# Rest in Peace Berty



## KarenHSmith (Apr 20, 2008)

Berty, slipped away this morning, in the car on the way to the vets. I suspect, he had a stroke in the night. I picked him up and carried him up to the Garden, when we were going to the vets, and whilses waiting he started fitting. My Nan came, within a matter of minutes. We put him into the basket, and he carried on having fits - after some, he would cry out loud like a piercing scream. 5 minutes later, he had gone and stopped breathing - at least he is out of pain now, and running free at Rainbow Bridge with Ben. Taylor and Molly (one of the cats, Berty, liked mostly) knew that he was going. I found Molly, when I came back laying in his cage - Taylor never came near me, when I was carrying him - he sniffed, and then left him alone.

I am so shocked that he has gone, but at least now he is out of pain

Run free Berty - miss you always xxx

A video I took yestarday, of him taking his medication.

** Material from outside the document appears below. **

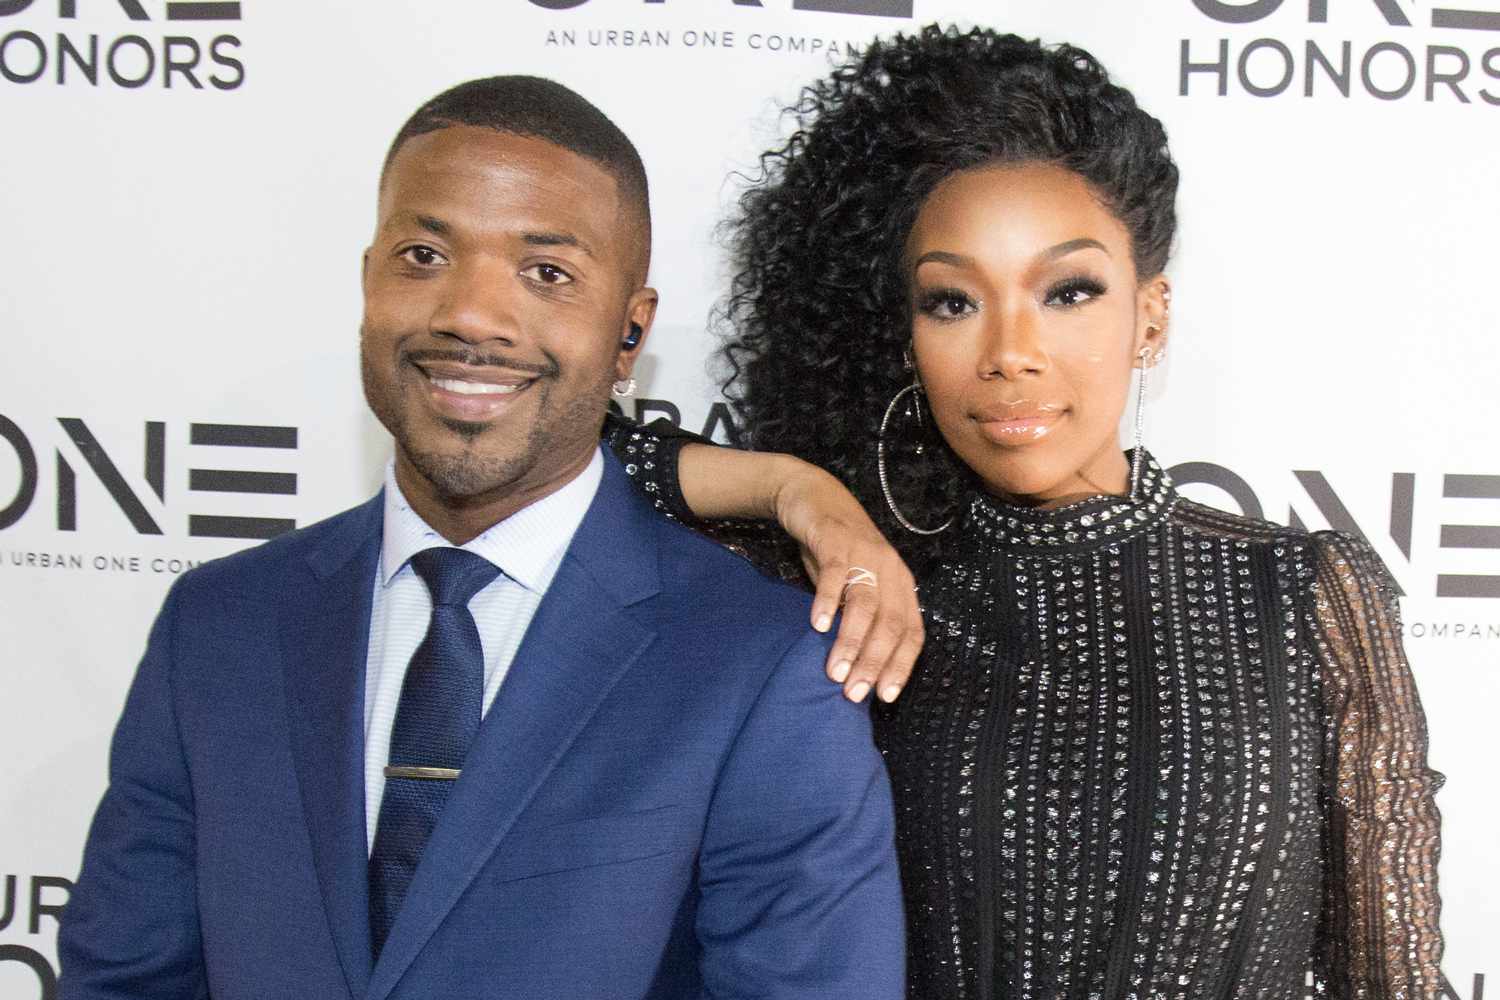 Ray J Says He and Brandy 'Never' Had 'Sibling Rivalry' Growing Up: 'I Never Wanted to Work That Hard'

Here's a video I took of him Yestarday, having some medication:

Berty x
































































xxxxxx


----------



## DKDREAM (Sep 15, 2008)

Im so sorry R>I.P little man


----------



## KarenHSmith (Apr 20, 2008)

DKDREAM said:


> Im so sorry R>I.P little man


Thank you  xxxxxx


----------



## MissD (Mar 2, 2009)

Awww, so sorry to read that Karen, my thoughts are with you 

Run free you gorgeous boy Berty x


----------



## Guest (May 12, 2009)

sorry for you lose
RIP berty run free over that bridge


----------



## KarenHSmith (Apr 20, 2008)

Thank you for your kind comments..x.x.  xx


----------



## hobo99 (Aug 18, 2008)

So sorry for your loss, at least you were with him and he knew he was loved. suz x


----------



## ninja (Jan 4, 2009)

sorry for your loss karen, 

R.I.P Berty, xx


----------



## KarenHSmith (Apr 20, 2008)

Thank you xxxx


----------



## MADCAT (Nov 21, 2008)

Sorry for your loss Karen, my thoughts are with you.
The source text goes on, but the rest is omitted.